日本のアニメ・マンガ支えるペンタブトップメーカー、ワコムに突きつけられた株主提案。業績悪化の根本原因は経営判断ミスなのか

東映アニメーション、MAPPA、CloverWorks、ufotable――。今をときめく有力アニメーション制作スタジオの現場を技術で支える日本のメーカーがある。埼玉県加須市に本社を置く東証プライム上場企業、ワコムだ。
ワコムが手がけるのはペンタブレットと呼ばれる製品だ。その名のとおり電子ペンとタブレット端末の組み合わせで、タブレット上に描いた絵をコンピューターに出力できる。中でもタブレットに画像を表示して直接書き込むことができる液晶タブレット(液タブ)が主力だ。

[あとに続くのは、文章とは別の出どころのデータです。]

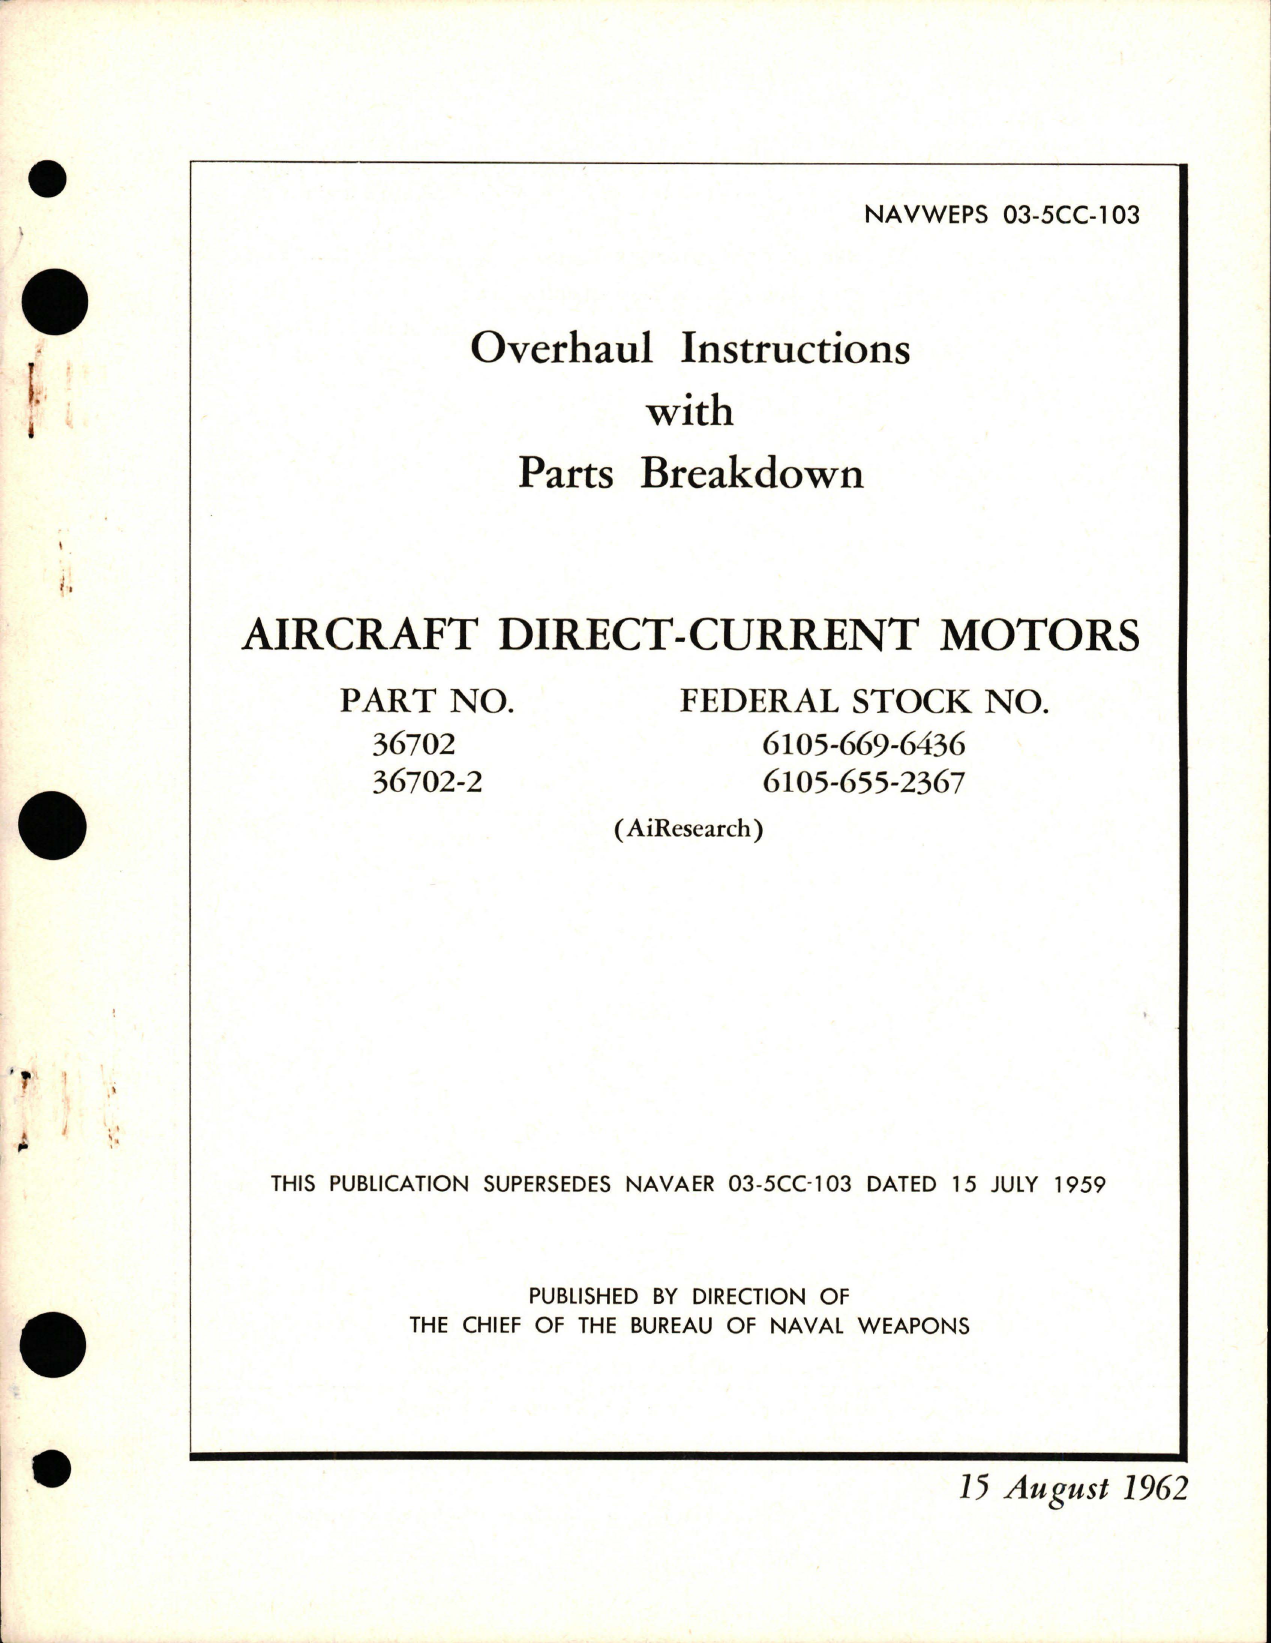 Sample page 1 from AirCorps Library document: Overhaul Instructions with Parts Breakdown for Direct-Current Motors - Parts 36702 and 36702-2
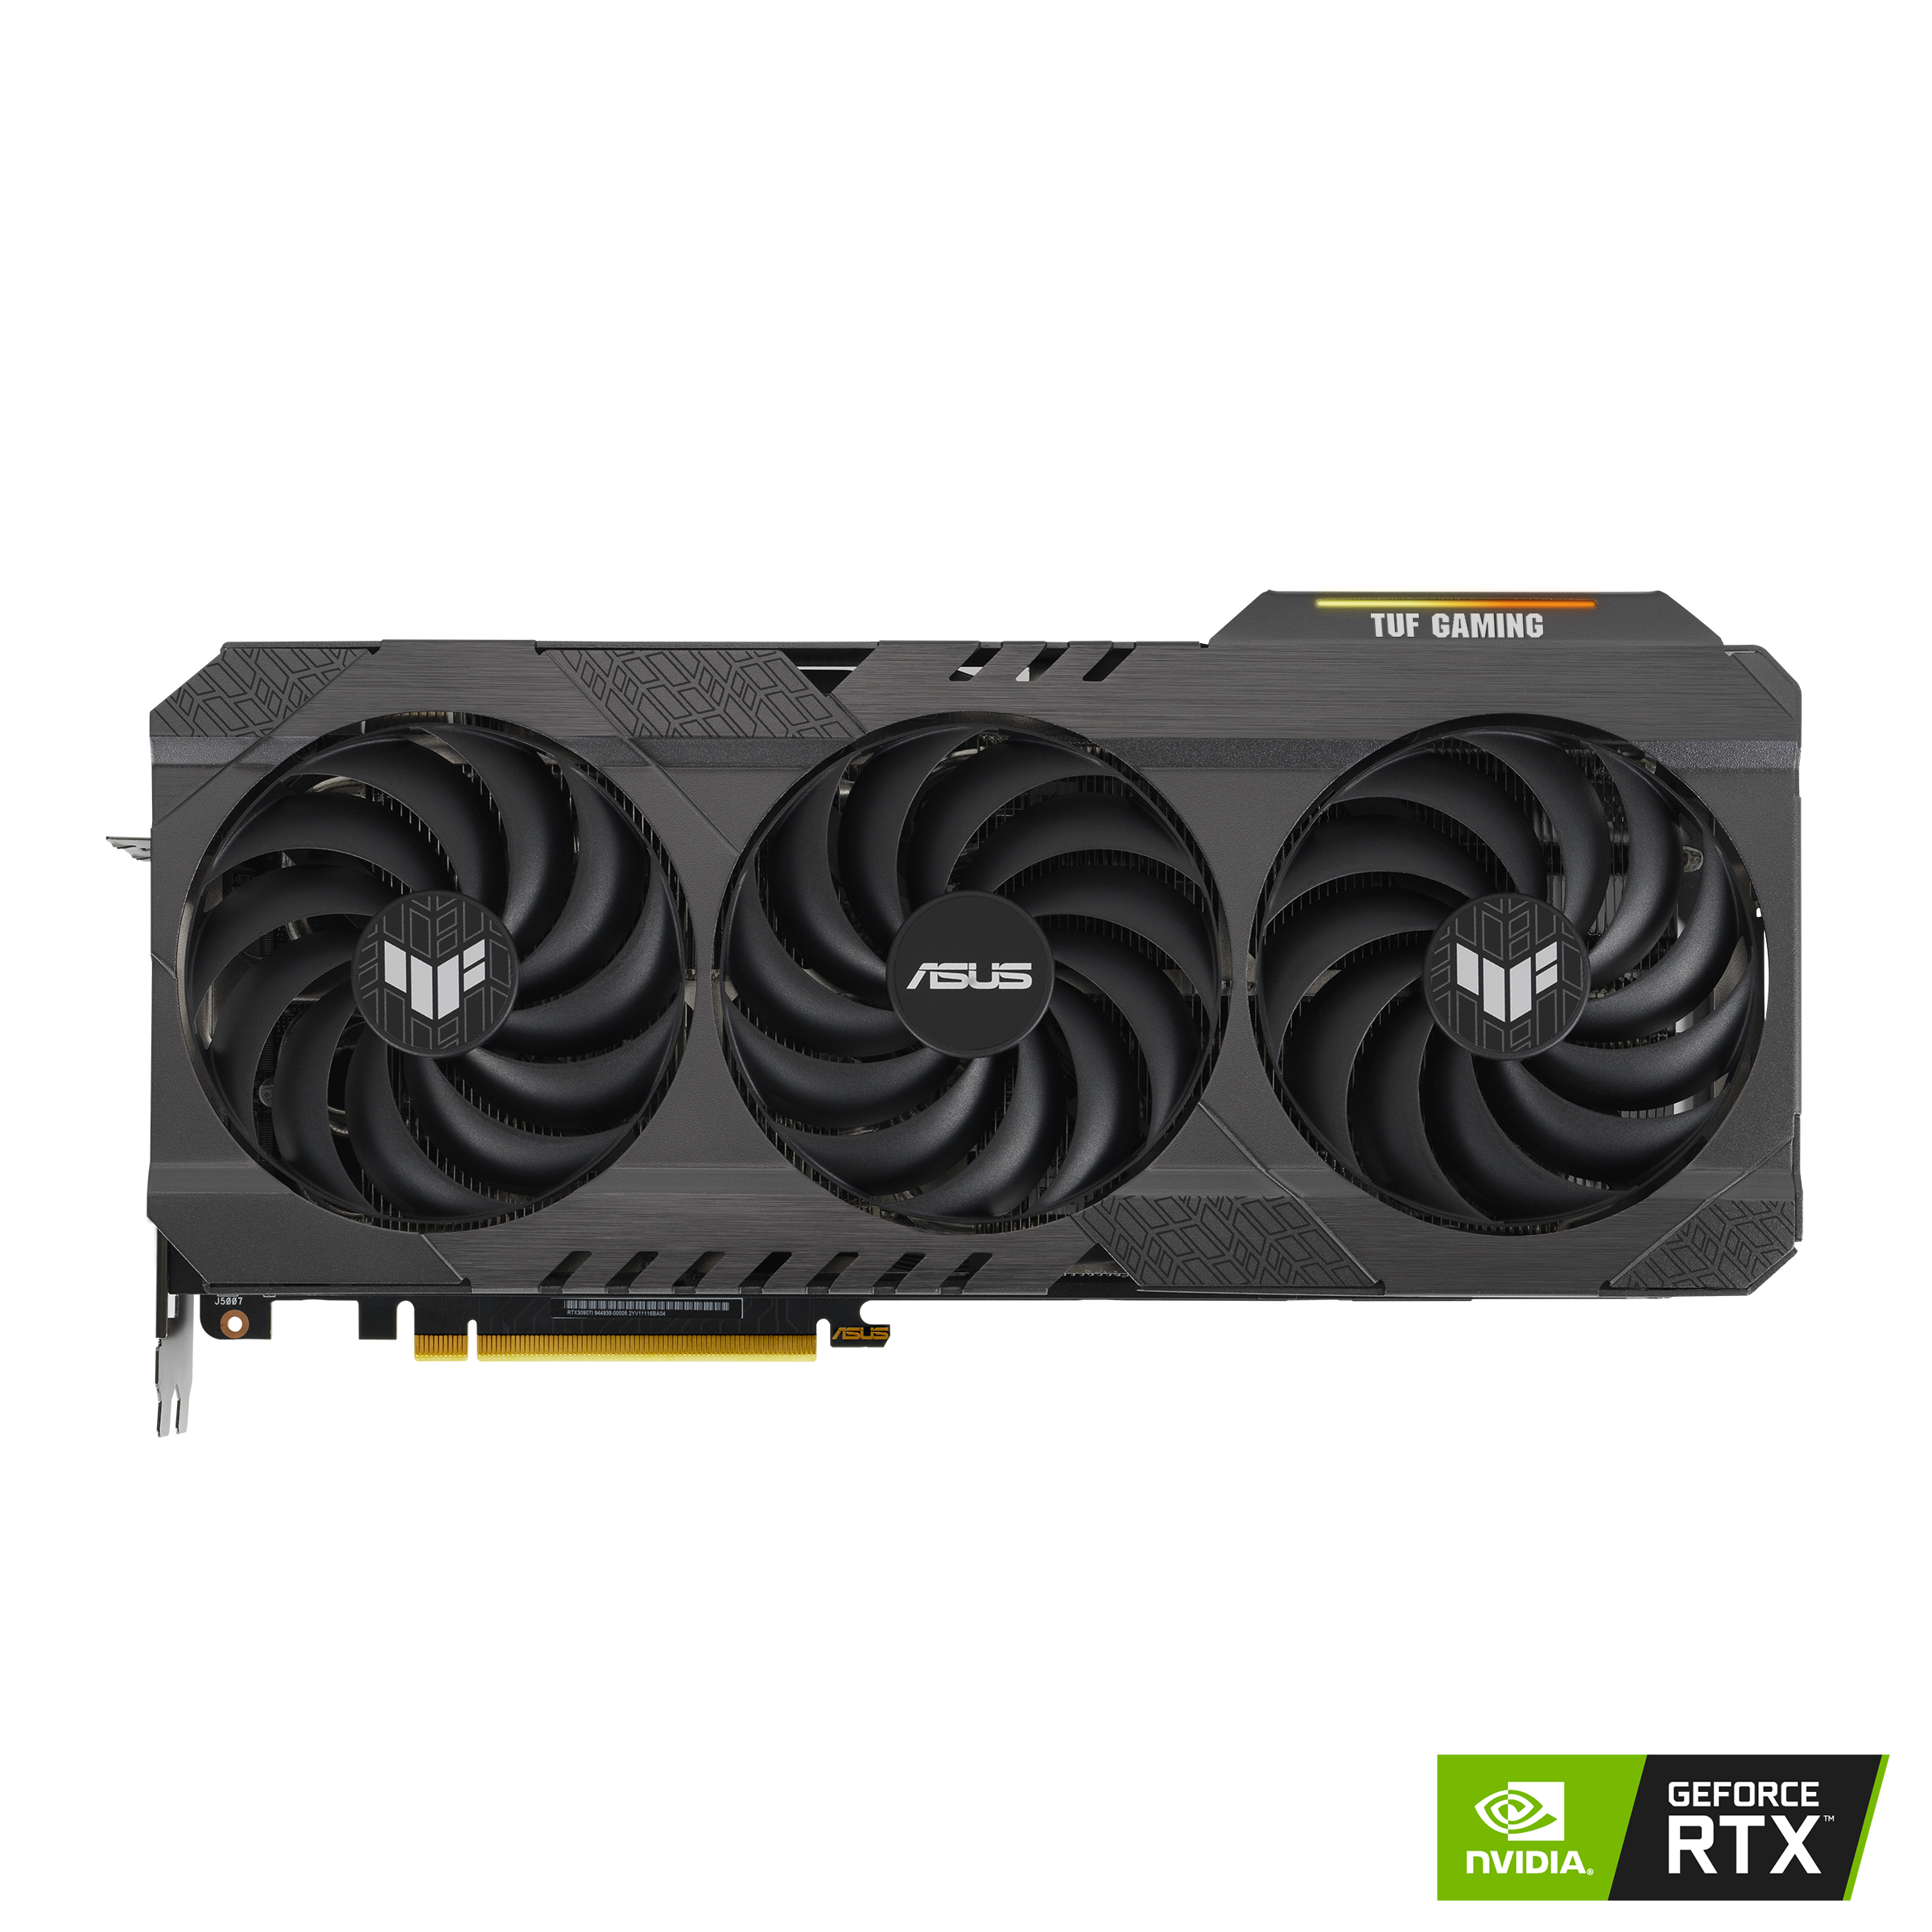 NVidia GeForce RTX 3090 Founders Edition 24GB GDDR6 Geforce RTX 3090 FE  Video Graphic Card

ワコムはスタジオジブリやディズニー向けにもペンタブレットを供給した実績を持つ。日本のみならず、世界のアニメやゲーム、マンガの制作現場でプロフェッショナルから根強い支持を得てきた。自動車など工業デザインの世界でもシェアが高い。
そんなワコムに株主提案が突きつけられている。
イギリスの物言う株主が6つの提案
提案したのは物言う株主(アクティビスト)として知られるイギリスのファンド、アセット・バリュー・インベスターズ(AVI)だ。過去にTBSホールディングスや帝国繊維へ株主提案を行っており、現在もエスケー化研やロート製薬など複数の上場企業に対して経営改善を求めている。
AVIはワコムに対して社外取締役1人の選任や事業構造変革監督委員会の設置など、6つの要求をたたきつけた。後述するとおり提案のうち1つについては後に会社からの議案に組み込まれたことで、5月21日に取り下げられた。
残る5つについては6月26日に開かれる株主総会の議案として諮られる。ワコムの取締役会は株主に「反対」するよう推奨している。